Because it is difficult to get enough data for a national model, you can do the following:

  • Lower the scope of the MMM. You can estimate fewer media channels (either by dropping a channel with low-spend or combining channels), use fewer knot parameters to estimate time effects (if you aren't using the default knots=1 setting), and remove any extraneous controls. However, don't remove important confounders.

  • Get much more data. For example, use three years' of weekly data instead of two. Adding more data will reduce the variance in inference, but might make the inference less relevant.

  • Alternatively, consider adding geo granularity to your data and using a geo model instead of lowering the scope or adding more data.

Consider the previous hypothetical example for the national model. You can combine the 12 media channels into three, lower your knots to two. You might also recognize that one of your controls explains the KPI but not the media, which means that it is not a true confounder and you can remove it. If you also use three years' worth of weekly data, you then have 156 data points to estimate 10 parameters. This is roughly 15 data points per parameter and now you might be able to glean some directional information from the MMM.

Amount of data for geo models

The number of data points per effect estimated by the geo model remains an important metric for checking confidence. However, counting the number of effects using the number of model parameters is not as straightforward in the geo model as it is in the national model. Complexity arises because the geo hierarchy shares information across geos, which makes the geo-level parameters dependent rather than independent. The amount of information shared across these geos plays a role.

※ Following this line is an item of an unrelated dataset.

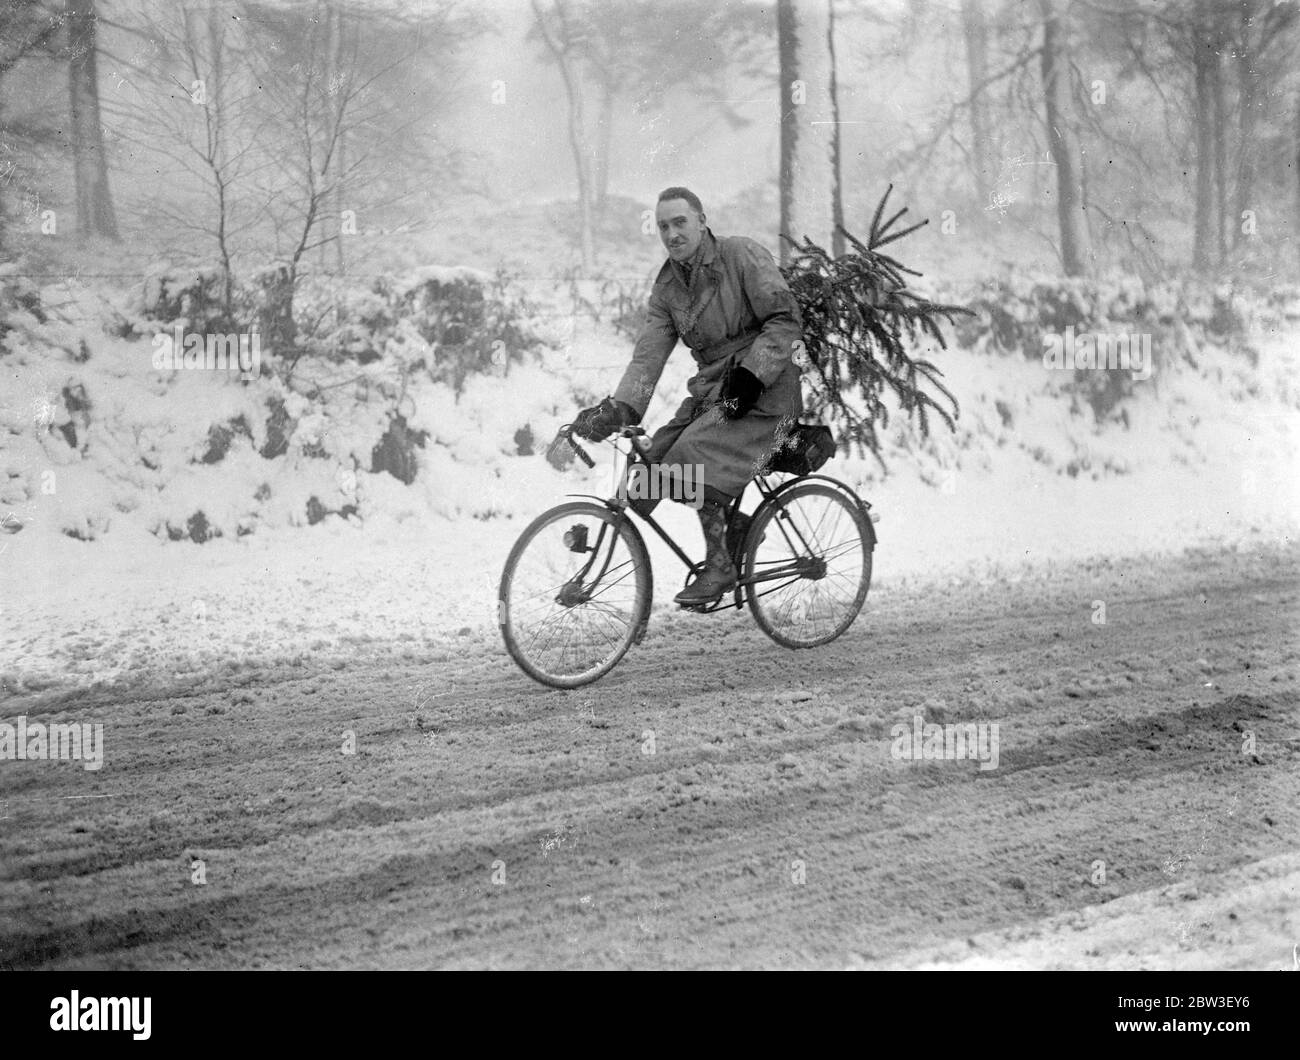 Mit nach Hause zu tragen seinen weihnachtsbaum . Cheshire und Derbyshire scheinen von einem weißen weihnachten versichert. Schnee ist gefallen, die Moore zu einer Tiefe von mehreren Zoll zu bedecken. Foto zeigt, nach Hause tragen seinen weihnachtsbaum in wahren weihnachtswetter am Alderley Edge, Cheshire. 21 Dezember 1935 Stockfoto
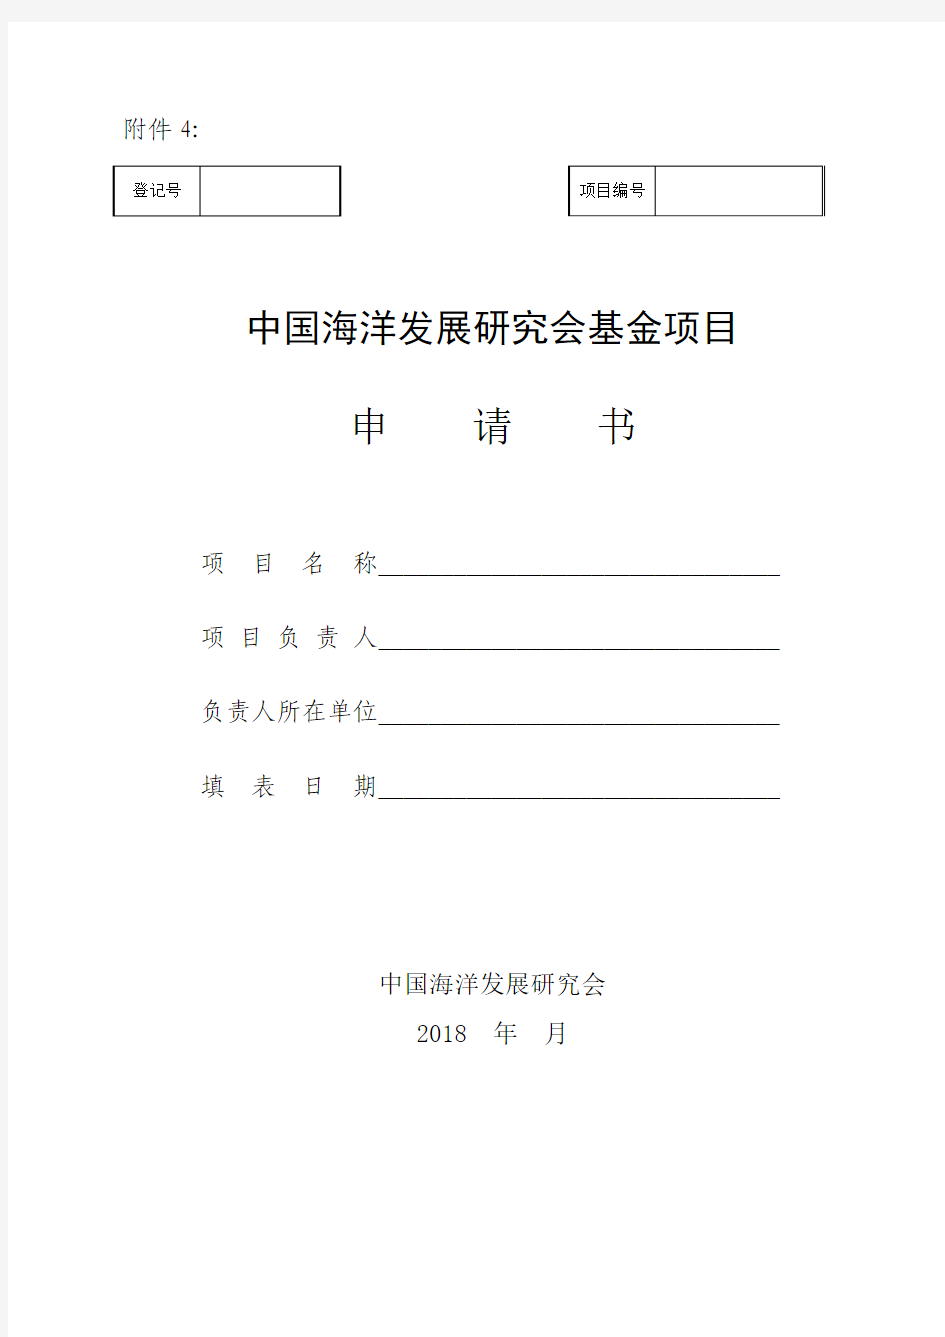 中国海洋发展研究中心项目申请书

For example, 105 geos and three years of weekly data yield $105 \times 156 = 16,380$ data points. If you estimate 12 media channels, six controls, and 100 knots, you can evaluate data sufficiency through two lenses (ignore Adstock and Hill parameters for simplicity):

  • Strict (No-Pooling) View: If you assume no information sharing across geos, you must estimate $(12 \times 105) + (6 \times 105) + 100 + (105 - 1) = 2,094$ parameters. (You multiply by 105 because media and controls have geo-level parameters.) This yields about 8 data points per parameter and represents a strict lower bound.
  • Lenient (Perfect-Pooling) View: If you assume perfect information sharing (each media and control channel has one common parameter), the model has $12 + 6 + 100 + (105 - 1) = 222$ parameters. This yields about 74 data points per parameter, which is the calculation used by the Data-to-parameter ratio in the EDA package.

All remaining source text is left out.